# Can I use Easton Superlite acc arrows for hunting?



## bopo2 (Dec 7, 2008)

I don't think they make inserts for the3-18s 560 is the spine of the shaft .


----------



## JF from VA (Dec 5, 2002)

Yes, you can use 3-18s for hunting. Here are the inserts for them: http://www.lancasterarchery.com/easton-halfout-rps-insert.html


----------



## tjmortenson (Jun 2, 2013)

JF from VA said:


> Yes, you can use 3-18s for hunting. Here are the inserts for them: http://www.lancasterarchery.com/easton-halfout-rps-insert.html


Thanks, do those work with standard threads? I'm assuming the bigger end piece sticks out of the arrow since the broad head piece that isn't threaded is the same size as the arrow?


----------



## JF from VA (Dec 5, 2002)

Yes, that is correct. These are called "half-out" inserts: half is in the shaft, and half is out of the shaft. The front part of the insert sticks out of the shaft.

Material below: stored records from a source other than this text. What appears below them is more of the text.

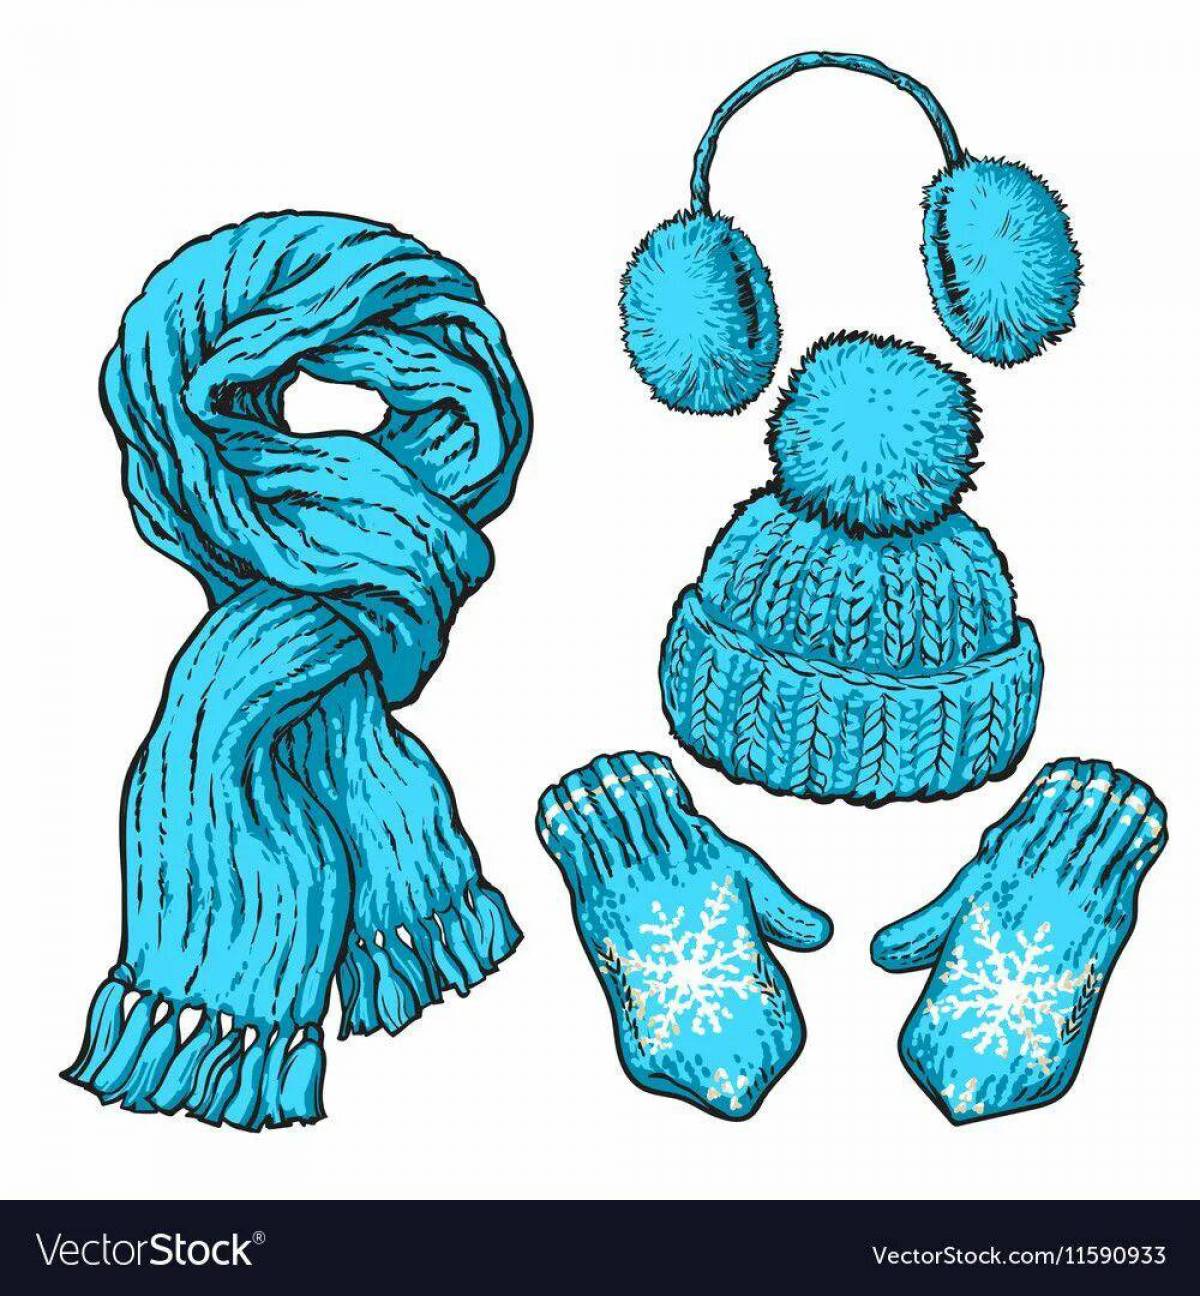 Шапка и шарф для детей #8
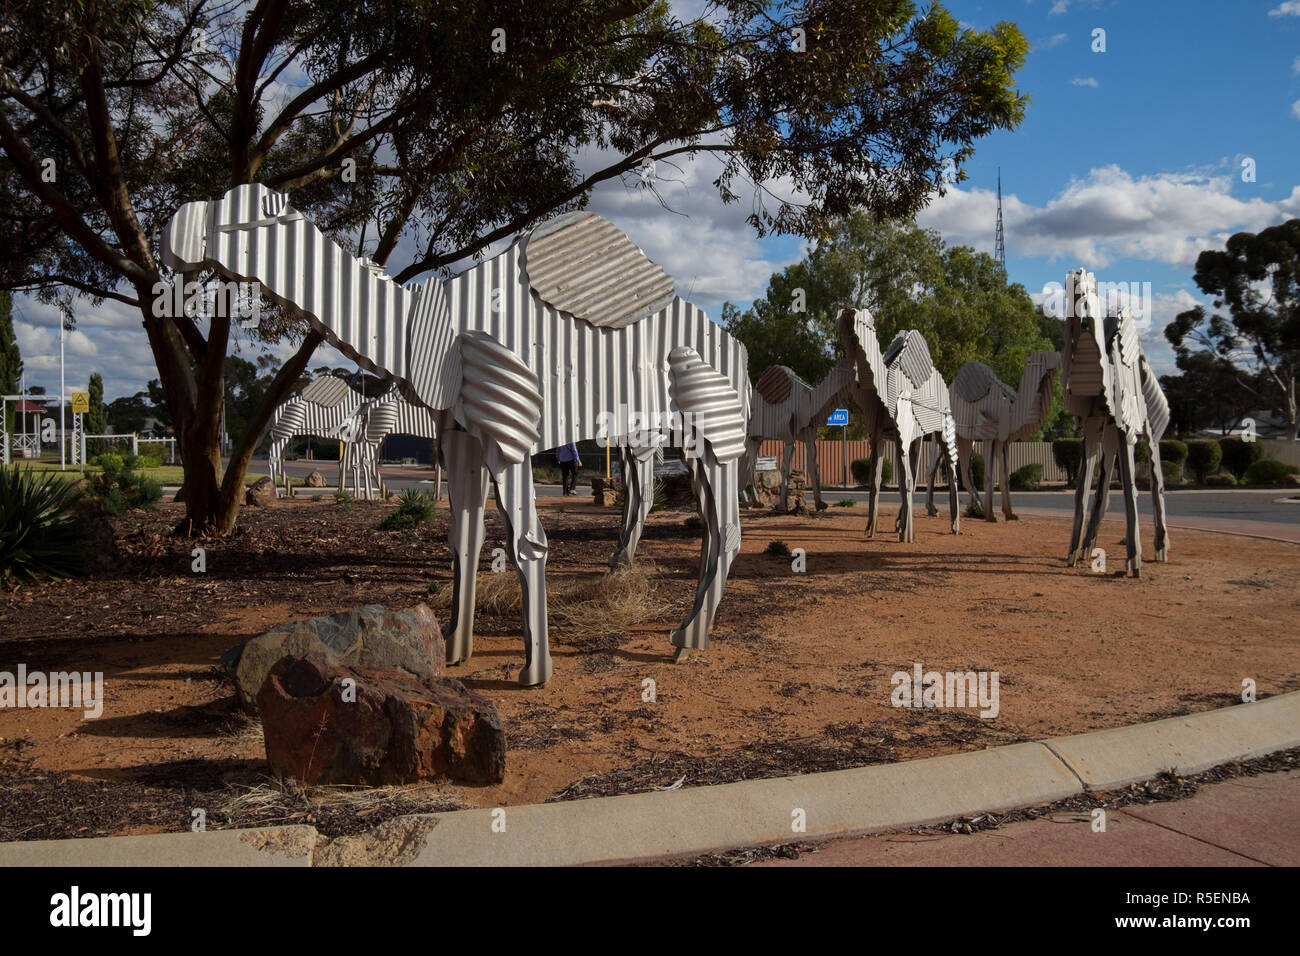 Un set di metallo corrogated camerls nella rotonda principale il Rotary nella piccola cittadina di Norseman in Wester Australia. Foto Stock
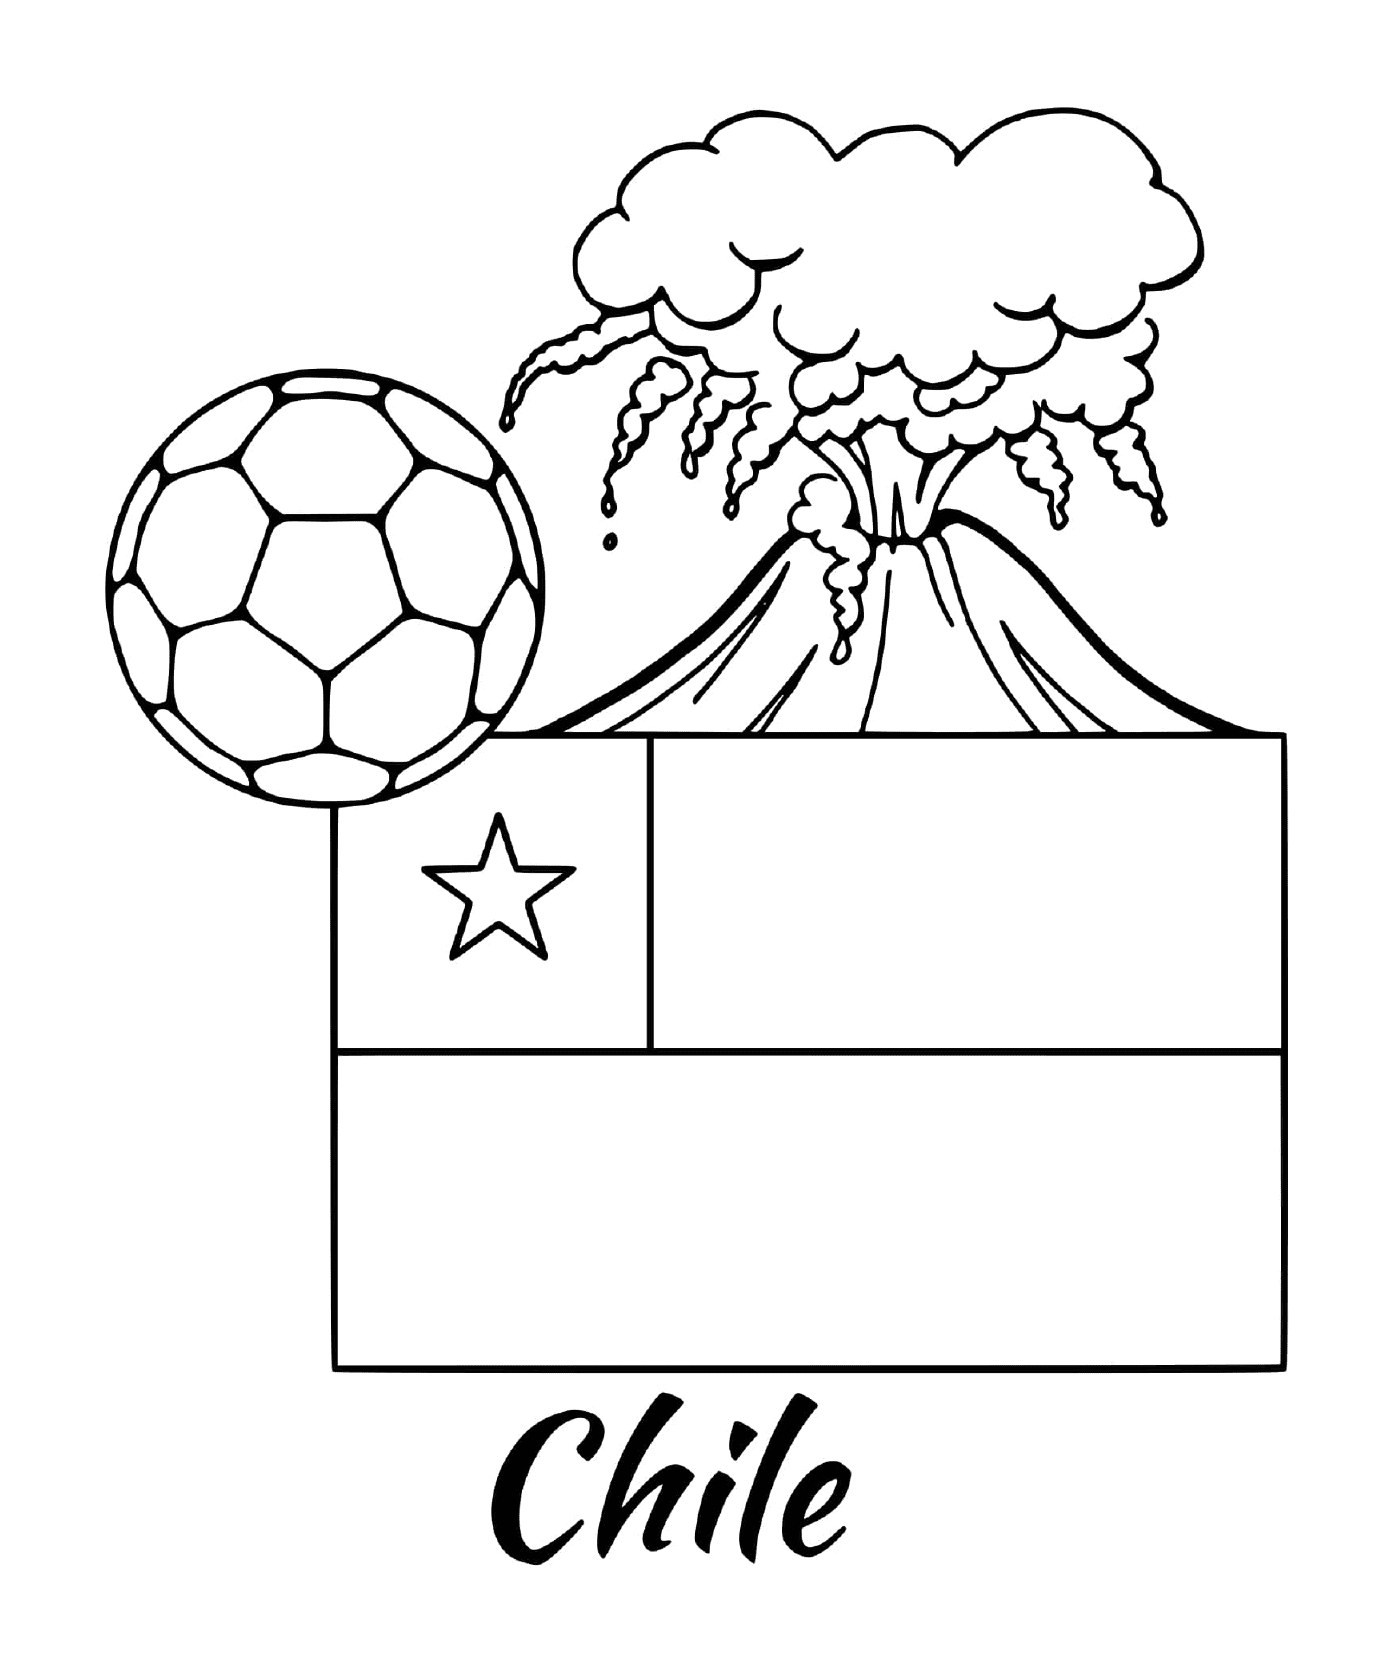  Bandera de Chile, volcán

The threads are standard to all broadheads that I have used.


----------



## tjmortenson (Jun 2, 2013)

Ok thanks I'll order some


----------



## JF from VA (Dec 5, 2002)

Just out of curiousity, I was looking in the Easton catalog for available inserts. For the smaller size A/C/C shafts (3L-18, 3-18, 3-28, 3-39), you have to go with a half-out insert. For sizes larger than 3-39, there is a conventional aluminum insert available.


----------



## CHPro (May 21, 2002)

What kind of draw weight, cam design and arrow length are you planning on shooting or hunting with? A 560 spine 3-18 could very well be considered very light (spined) for a number of "conventional" hunting set-ups. Just want to help access whether you should be sticking a bunch of money on 1/2 outserts, etc., for an arrow that may/may not be appropriately spined for your bow set up - at least for a dedicated hunting set-up anyway.

>>----------->


----------



## thwackaddict (Sep 1, 2006)

Lancaster archery has PDP inserts made that fit inside of my 328's. I had the half outs and didn't like them. You can go to Lancasters website and order them.

http://www.lancasterarchery.com/pdp-small-diameter-tapered-a-c-c-inserts.html

3-18's aren't listed above? Are you sure inside diameter is the same on 3-18 and 328?

3-18's 40 lb max bow weight? Just guessing, you do need to check and see if they are spined right before you spend any money on them.


----------